- [Work to be completed]:
Should the word "khách" occur in a line of the records, copy that line.

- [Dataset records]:
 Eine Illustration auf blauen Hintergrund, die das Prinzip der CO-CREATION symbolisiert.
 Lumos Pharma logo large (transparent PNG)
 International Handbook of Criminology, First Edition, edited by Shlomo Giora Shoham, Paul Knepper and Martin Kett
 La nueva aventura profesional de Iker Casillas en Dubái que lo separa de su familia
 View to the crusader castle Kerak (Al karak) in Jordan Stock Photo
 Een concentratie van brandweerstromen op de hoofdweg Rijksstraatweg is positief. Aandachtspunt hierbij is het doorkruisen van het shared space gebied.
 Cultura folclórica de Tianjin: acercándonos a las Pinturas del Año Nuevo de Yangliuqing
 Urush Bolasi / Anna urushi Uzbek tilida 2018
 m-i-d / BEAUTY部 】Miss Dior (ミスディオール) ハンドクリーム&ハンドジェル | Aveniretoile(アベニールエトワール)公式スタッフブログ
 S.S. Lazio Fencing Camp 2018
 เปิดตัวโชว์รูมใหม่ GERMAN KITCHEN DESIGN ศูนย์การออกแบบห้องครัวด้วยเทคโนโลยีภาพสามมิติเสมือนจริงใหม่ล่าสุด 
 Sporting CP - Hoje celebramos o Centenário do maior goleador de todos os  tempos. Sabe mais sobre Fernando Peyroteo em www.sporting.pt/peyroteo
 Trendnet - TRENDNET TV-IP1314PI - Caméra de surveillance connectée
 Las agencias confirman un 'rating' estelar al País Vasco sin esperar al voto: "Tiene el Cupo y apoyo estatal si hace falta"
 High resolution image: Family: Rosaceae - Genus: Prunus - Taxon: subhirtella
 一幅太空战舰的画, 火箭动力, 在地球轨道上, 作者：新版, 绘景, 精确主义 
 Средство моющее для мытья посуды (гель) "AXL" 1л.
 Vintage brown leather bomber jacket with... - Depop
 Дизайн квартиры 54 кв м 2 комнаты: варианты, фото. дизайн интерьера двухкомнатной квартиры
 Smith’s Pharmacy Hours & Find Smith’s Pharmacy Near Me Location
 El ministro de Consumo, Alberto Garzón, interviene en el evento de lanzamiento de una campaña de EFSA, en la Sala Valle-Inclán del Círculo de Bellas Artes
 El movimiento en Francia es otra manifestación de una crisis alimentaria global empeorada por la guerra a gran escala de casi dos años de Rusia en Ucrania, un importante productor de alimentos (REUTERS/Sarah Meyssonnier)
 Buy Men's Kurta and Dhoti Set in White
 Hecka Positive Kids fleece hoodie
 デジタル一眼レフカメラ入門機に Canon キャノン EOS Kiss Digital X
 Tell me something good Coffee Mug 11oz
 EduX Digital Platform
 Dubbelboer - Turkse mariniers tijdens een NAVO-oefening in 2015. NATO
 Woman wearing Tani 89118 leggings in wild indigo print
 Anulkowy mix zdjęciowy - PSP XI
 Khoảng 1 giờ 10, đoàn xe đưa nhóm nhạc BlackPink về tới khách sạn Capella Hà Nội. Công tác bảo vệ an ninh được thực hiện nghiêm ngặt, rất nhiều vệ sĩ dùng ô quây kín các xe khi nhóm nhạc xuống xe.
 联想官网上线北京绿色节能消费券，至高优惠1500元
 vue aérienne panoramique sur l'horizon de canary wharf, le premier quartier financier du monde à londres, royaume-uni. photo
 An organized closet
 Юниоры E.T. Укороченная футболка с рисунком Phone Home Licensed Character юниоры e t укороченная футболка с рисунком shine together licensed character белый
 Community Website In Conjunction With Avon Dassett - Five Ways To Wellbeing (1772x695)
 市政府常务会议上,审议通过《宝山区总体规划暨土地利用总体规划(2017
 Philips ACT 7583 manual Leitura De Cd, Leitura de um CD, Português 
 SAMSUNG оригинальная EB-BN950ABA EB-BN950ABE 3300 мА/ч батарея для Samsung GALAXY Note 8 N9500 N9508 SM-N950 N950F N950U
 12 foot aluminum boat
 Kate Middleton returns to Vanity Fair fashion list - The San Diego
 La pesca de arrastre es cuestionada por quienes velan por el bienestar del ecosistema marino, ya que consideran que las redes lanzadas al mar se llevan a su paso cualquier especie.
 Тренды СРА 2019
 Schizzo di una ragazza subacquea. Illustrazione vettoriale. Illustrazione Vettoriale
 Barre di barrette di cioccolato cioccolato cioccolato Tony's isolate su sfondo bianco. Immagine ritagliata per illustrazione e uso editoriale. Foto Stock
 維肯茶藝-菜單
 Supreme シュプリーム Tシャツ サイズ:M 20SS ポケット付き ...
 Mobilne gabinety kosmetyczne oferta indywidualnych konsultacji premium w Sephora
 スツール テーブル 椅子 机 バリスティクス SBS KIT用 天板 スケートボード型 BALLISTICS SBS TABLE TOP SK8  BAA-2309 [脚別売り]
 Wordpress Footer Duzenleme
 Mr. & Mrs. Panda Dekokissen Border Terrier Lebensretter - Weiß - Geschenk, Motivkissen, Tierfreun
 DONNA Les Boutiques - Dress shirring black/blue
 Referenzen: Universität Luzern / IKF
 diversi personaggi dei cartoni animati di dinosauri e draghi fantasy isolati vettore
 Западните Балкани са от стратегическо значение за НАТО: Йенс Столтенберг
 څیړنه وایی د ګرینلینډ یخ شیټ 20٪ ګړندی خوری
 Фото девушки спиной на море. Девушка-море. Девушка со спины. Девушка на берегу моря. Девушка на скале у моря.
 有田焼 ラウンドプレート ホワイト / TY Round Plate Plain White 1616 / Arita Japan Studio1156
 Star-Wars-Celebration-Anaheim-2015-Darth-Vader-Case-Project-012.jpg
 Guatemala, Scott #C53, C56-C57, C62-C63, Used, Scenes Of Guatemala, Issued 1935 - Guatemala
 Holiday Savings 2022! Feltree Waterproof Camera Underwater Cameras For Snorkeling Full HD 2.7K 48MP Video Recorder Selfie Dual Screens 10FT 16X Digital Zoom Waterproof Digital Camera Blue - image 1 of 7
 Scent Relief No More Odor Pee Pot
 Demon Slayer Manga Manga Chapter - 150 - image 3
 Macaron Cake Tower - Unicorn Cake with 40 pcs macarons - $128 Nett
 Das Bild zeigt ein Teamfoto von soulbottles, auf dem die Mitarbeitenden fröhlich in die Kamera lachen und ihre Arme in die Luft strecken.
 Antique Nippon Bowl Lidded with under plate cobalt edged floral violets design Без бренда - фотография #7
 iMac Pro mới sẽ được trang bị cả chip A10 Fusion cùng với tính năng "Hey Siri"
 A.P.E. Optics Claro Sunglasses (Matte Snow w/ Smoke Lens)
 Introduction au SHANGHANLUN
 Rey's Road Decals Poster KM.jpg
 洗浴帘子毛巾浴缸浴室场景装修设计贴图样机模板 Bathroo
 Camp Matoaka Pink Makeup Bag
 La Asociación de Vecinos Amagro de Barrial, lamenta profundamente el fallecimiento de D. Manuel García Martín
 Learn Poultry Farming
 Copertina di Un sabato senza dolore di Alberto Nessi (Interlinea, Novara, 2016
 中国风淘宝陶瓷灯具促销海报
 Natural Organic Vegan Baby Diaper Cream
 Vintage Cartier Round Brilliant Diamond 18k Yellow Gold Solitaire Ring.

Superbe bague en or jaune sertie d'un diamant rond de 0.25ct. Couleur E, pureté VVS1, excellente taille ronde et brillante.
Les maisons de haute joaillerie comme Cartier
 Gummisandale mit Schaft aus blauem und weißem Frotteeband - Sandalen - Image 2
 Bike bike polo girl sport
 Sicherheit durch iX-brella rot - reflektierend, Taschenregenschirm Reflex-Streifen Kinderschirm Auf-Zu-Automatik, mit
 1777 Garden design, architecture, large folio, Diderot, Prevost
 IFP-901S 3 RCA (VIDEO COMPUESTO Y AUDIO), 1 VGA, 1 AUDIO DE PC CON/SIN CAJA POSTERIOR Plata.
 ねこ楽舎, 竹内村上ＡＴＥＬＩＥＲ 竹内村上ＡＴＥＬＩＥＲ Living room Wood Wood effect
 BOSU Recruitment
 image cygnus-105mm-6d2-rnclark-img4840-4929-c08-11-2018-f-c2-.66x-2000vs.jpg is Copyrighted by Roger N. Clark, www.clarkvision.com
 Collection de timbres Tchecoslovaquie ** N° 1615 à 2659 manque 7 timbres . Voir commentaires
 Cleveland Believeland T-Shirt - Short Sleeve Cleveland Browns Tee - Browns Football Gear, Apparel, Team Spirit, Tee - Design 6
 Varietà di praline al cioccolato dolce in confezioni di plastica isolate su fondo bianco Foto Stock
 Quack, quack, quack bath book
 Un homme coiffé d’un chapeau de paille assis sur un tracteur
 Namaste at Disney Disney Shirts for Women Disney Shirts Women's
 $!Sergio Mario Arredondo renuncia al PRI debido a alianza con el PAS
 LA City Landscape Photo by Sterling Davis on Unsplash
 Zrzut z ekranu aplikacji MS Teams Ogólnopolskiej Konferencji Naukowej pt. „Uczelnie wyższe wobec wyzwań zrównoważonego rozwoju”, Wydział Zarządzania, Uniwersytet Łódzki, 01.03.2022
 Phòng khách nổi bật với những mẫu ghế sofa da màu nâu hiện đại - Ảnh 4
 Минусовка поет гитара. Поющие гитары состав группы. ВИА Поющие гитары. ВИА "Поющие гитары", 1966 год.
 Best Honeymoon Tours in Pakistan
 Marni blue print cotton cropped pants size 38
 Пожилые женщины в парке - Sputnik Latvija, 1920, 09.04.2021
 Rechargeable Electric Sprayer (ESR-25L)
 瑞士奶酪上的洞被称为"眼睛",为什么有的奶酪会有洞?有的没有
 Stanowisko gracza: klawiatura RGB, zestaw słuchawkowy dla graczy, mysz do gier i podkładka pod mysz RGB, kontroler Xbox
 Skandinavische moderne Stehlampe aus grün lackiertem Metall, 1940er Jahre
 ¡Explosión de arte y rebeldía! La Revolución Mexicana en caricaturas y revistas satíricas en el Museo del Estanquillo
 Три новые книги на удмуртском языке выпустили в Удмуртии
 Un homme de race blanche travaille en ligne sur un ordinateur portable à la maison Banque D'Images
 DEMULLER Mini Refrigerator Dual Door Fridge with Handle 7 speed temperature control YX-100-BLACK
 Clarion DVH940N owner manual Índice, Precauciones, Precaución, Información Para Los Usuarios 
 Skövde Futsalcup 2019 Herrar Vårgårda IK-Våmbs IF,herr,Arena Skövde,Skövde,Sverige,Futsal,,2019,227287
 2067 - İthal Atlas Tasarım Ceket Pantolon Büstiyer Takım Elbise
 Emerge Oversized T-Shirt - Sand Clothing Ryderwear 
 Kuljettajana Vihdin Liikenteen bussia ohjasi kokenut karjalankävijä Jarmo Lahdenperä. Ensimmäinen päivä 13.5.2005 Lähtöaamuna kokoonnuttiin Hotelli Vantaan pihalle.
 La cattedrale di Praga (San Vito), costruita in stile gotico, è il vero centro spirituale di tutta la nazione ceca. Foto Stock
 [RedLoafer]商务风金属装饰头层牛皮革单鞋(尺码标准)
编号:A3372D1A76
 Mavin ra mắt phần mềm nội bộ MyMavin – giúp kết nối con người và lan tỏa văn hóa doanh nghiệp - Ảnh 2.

- [Expected answer]:
 Khoảng 1 giờ 10, đoàn xe đưa nhóm nhạc BlackPink về tới khách sạn Capella Hà Nội. Công tác bảo vệ an ninh được thực hiện nghiêm ngặt, rất nhiều vệ sĩ dùng ô quây kín các xe khi nhóm nhạc xuống xe.
 Phòng khách nổi bật với những mẫu ghế sofa da màu nâu hiện đại - Ảnh 4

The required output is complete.